Five Came Back (Netflix). A compulsively watchable documentary on how Hollywood turned itself into a government propaganda factory during World War II, with little concern for factual accuracy and none whatever for ethnic decency.
Better Call Saul (AMC). The sequel to Breaking Bad has what the original show didn't—a sympathetic (if badly flawed) lead character. In Breaking Bad, Bryan Cranston's Walter White started out as a bedraggled cancer patient but quickly became a murderous drug kingpin. In Better Call Saul, Bob Odenkirk's Jimmy McGill is a formet street hustler trying to go straight as a lawyer—but his natural talent for trickery and deception has a life of its own.

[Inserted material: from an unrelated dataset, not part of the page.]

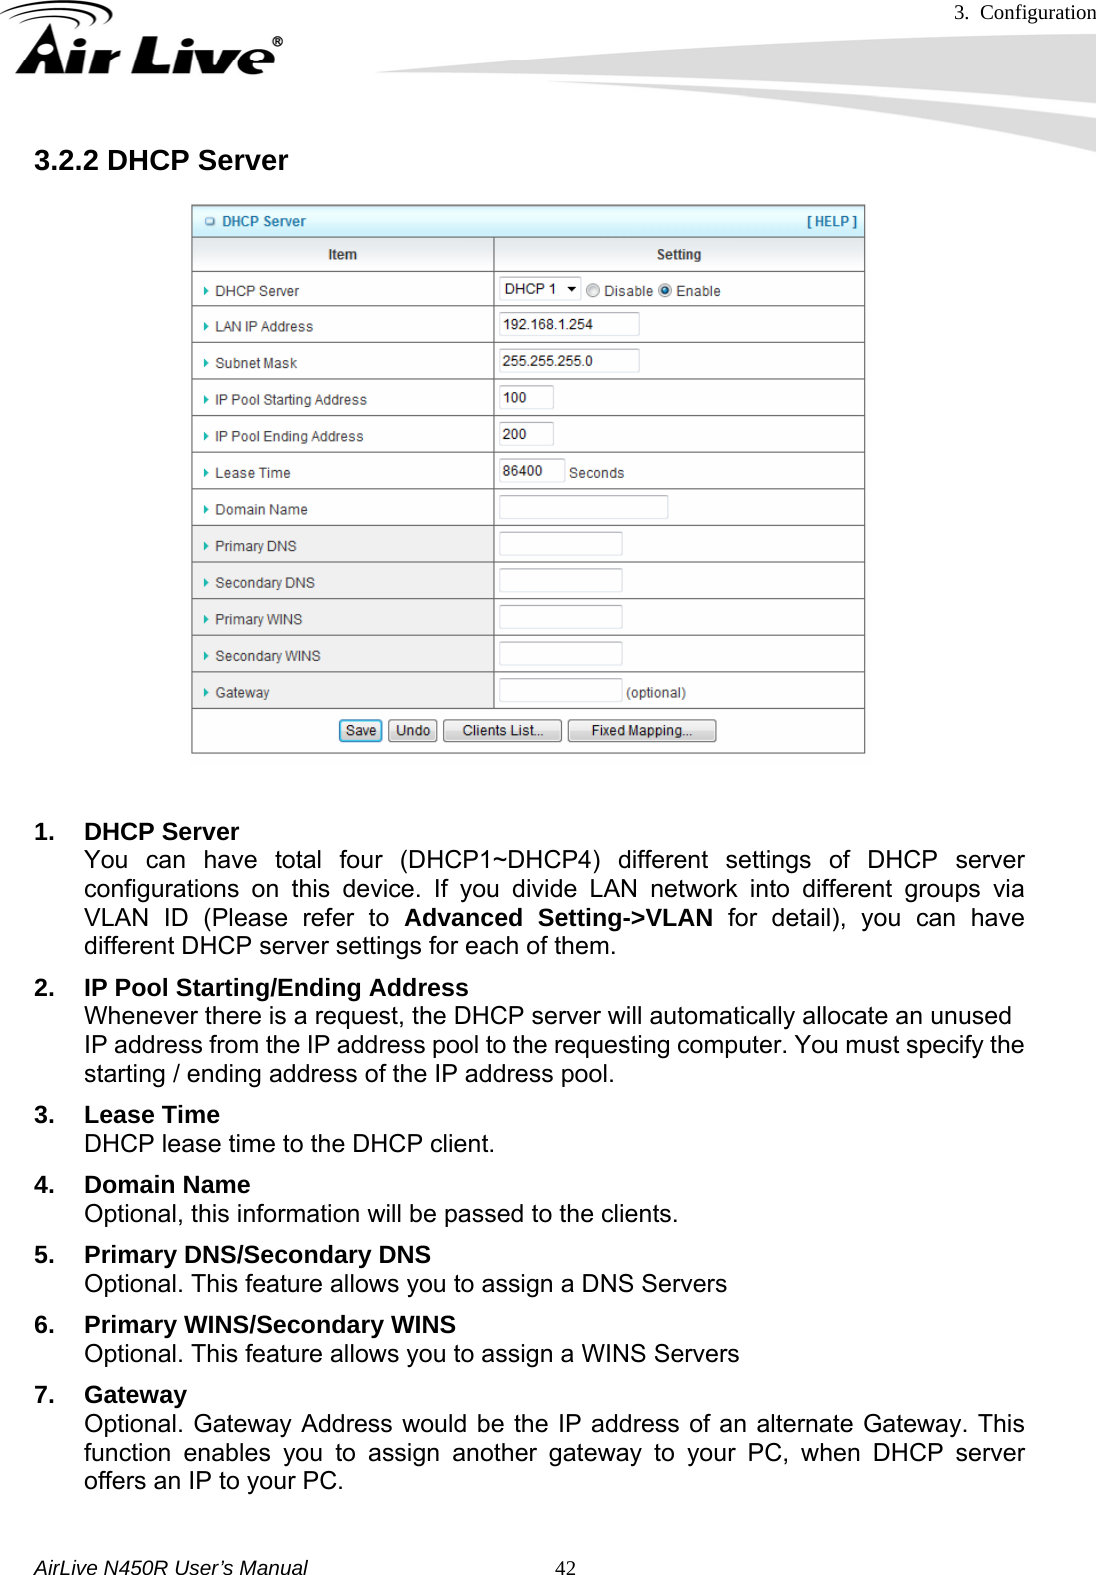 3. Configuration     AirLive N450R User’s Manual   423.2.2 DHCP Server    1. DHCP Server You can have total four (DHCP1~DHCP4) different settings of DHCP server configurations on this device. If you divide LAN network into different groups via VLAN ID (Please refer to Advanced Setting-&gt;VLAN for detail), you can have different DHCP server settings for each of them. 2.  IP Pool Starting/Ending Address Whenever there is a request, the DHCP server will automatically allocate an unused IP address from the IP address pool to the requesting computer. You must specify the starting / ending address of the IP address pool. 3. Lease Time DHCP lease time to the DHCP client. 4. Domain Name Optional, this information will be passed to the clients. 5.  Primary DNS/Secondary DNS Optional. This feature allows you to assign a DNS Servers 6.  Primary WINS/Secondary WINS Optional. This feature allows you to assign a WINS Servers 7. Gateway Optional. Gateway Address would be the IP address of an alternate Gateway. This function enables you to assign another gateway to your PC, when DHCP server offers an IP to your PC.

The Deuce (HBO). Just as they did for the drug trade in The Wire, producers David Simon and George Pelecanos break down the economics and the personalities of the sex industry, as well as the utter futility of trying to shut it down.
The Americans (FX). This spy drama about a husband-and-wife team of Soviet moles whose friendly next door neighbor, an FBI counterespionage agent, is blithely unaware of their real lives, has always wrestled with the question of identity and the malleability of self. As The Americans approaches its climactic sixth season, the echo of the theme of Kurt Vonnegut's World War II espionage novel Mother Night is louder than ever: You are what you pretend.